Produto do Ano: A inovação terá de ser “inclusiva, emocional e transparente”

A sustentabilidade já influencia quase metade dos consumidores portugueses. Esta é a principal conclusão do estudo realizado pela Produto do Ano Portugal, que revela ainda que a maioria das pessoas estão dispostas a pagar mais por produtos sustentáveis. Em entrevista à Briefing, o CEO, José Borralho, considera que o desafio para as marcas passa por conseguirem, com “veracidade em vez de estética”, que as pessoas saibam o que está a ser feito para promover a sustentabilidade.

“A inovação, nos próximos anos, terá de ser inclusiva, emocional e transparente”

2050.Briefing | O que motivou a realização deste estudo?

José Borralho | Numa empresa em que a inovação é o principal foco, acreditamos que essa mesma inovação não é só criar o novo, é, cada vez mais, escutar o agora com inteligência emocional e este estudo nasce precisamente dessa urgência: dar palco ao consumidor português e às suas verdadeiras preocupações num tempo em que o planeta, a economia e a consciência individual exigem novas respostas.

Vivemos num contexto onde inovação sem relevância é só ruído e em todas as áreas ela deve espelhar sustentabilidade nos seus diversos contextos: social, económico, ambiental… E por isso quisemos saber: o que move hoje o consumidor? Onde está a sua esperança, a sua frustração, a sua intenção real? O que ouvimos foi claro: quase metade dos portugueses já abandonou marcas por não serem sustentáveis. Este não é um tema do futuro. É o ponto de viragem do presente.

O consumidor português está verdadeiramente informado ou apenas sensibilizado para os temas ambientais?

O consumidor português está em transição, mais desperto do que nunca, mas ainda a tatear na névoa da comunicação das marcas. Está sensibilizado, sim. Mas a informação continua a chegar-lhe de forma frágil, confusa ou enviesada por estratégias de greenwashing. O estudo mostra-nos que há vontade de saber mais, mas também desconfiança crescente: 60 % reconhece o esforço das marcas, mas denuncia exageros. Ou seja, o consumidor quer compromisso, não cosmética. Quer verdade, não storytelling. vazio.

Quais são os principais obstáculos para os consumidores adotarem hábitos mais sustentáveis?

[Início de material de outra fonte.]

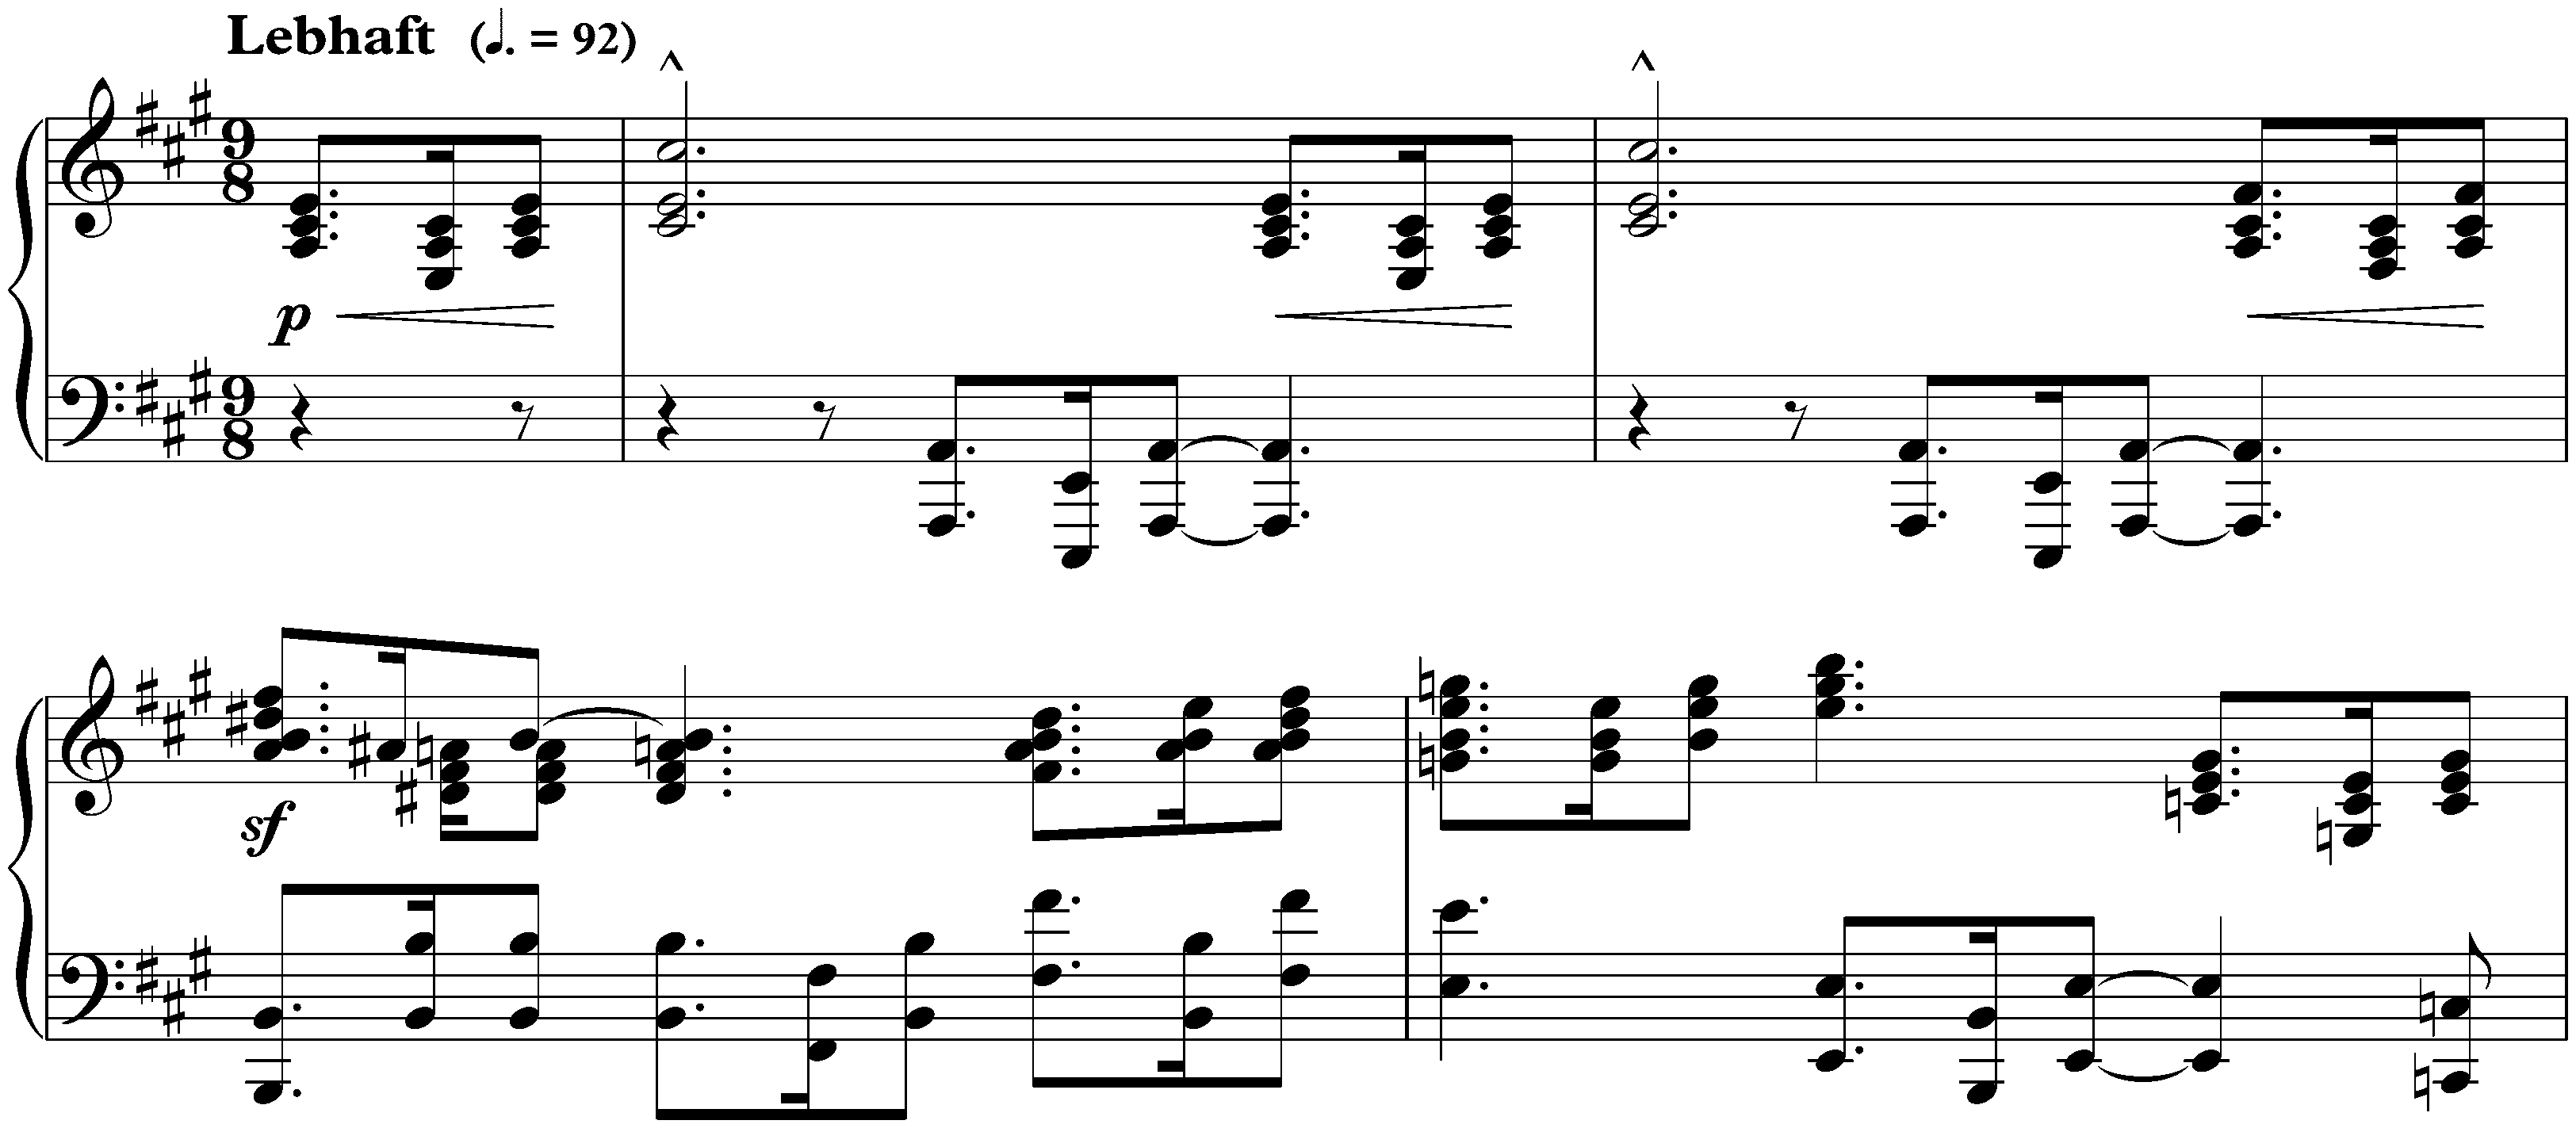 Gesänge der Frühe, op. 133; 3. Lebhaft

Creio que há três travões principais: o preço percecionado como barreira, só 17 % aceitaria um valor significativamente superior; a complexidade de escolha; e a desconfiança na comunicação. Vivemos uma época de muito ruído e muitos estímulos e se as marcas não se focam, não são objetivas e sobretudo não se posicionam como parte da decisão do consumidor, será muito complicado inverter essa dinâmica.

Como pode uma marca comunicar sustentabilidade de forma eficaz e transparente, evitando o greenwashing?

Na minha opinião há atitudes fundamentais: veracidade em vez de estética que deve levar as marcas a mostrar os processos, os números, os avanços e os limites claro. Depois, é preciso coerência entre o que se diz e o que se faz. A comunicação deve ser o espelho da ação. Tom humano. Falar de sustentabilidade como se fala com um amigo preocupado: com empatia, com verdade, com vocabulário real. Os consumidores que já evoluíram sabem distinguir o que é real do que é retórico. E exigem cada vez mais provas em vez de promessas.

A responsabilidade social e ética empresarial ainda é pouco destacada. Porquê?

A ética é, ainda, o parente pobre da sustentabilidade comunicada. É invisível, intangível e raramente é contada de forma emocional. Mas este dado revela, mais do que desinteresse, revela um défice de comunicação clara sobre impacto social. A ética tem de deixar de ser um rodapé e passar a ser parte do título principal da narrativa de marca. Num mundo cada vez mais desigual e polarizado, a ética será um novo selo de confiança emocional.

O que ainda falta fazer – por parte das empresas, do governo e dos cidadãos – para que a sustentabilidade se torne padrão de consumo?

Às empresas, creio que falta coragem estratégica. Não basta lançar um produto “verde” por ano. É preciso pensar a cadeia de valor inteira de forma regenerativa. A APPM (Associação Portuguesa dos Profissionais de Marketing) apresentou um estudo europeu da sua congénere internacional, em janeiro 2024, que destacava um paradoxo significativo: embora as empresas reconheçam a importância das práticas ESG (Ambientais, Sociais e de Governança), muitos acionistas ainda demonstram resistência em sacrificar lucros imediatos em prol de investimentos sustentáveis. Esse cenário sugere a necessidade de uma mudança cultural e estratégica nas empresas, onde os benefícios de longo prazo das práticas sustentáveis sejam mais valorizados e integrados nas decisões de investimento.

Ao governo, falta eficácia e educação de base. Aos cidadãos, falta consistência. Não se muda o mundo ao domingo se se ignora o impacto de cada escolha de segunda a sábado. E falta, sobretudo, diálogo entre estas três esferas. Só juntos, consumidores, empresas e Estado, poderemos criar um ecossistema onde o consumo sustentável seja o novo conforto.

Como imagina o comportamento do consumidor português em relação à sustentabilidade nos próximos anos?

Acho que com a evolução de catástrofes naturais, teremos cada vez mais uma segmentação emocional mais nítida entre os que vão exigir transformação real às marcas, os que vão procurar conforto a baixo custo e uma crescente classe média emocional que quer fazer melhor, mas precisa de ser guiada.

Teremos consumidores ativistas silenciosos, que lideram com o exemplo, consumidores cínicos empáticos, que exigem provas antes de mudar e consumidores emocionalmente racionais, que aceitam pagar mais, desde que haja valor real e identificação com a marca. A inovação, nos próximos anos, terá de ser inclusiva, emocional e transparente, porque o novo luxo será poder confiar. E o novo poder será escolher com propósito.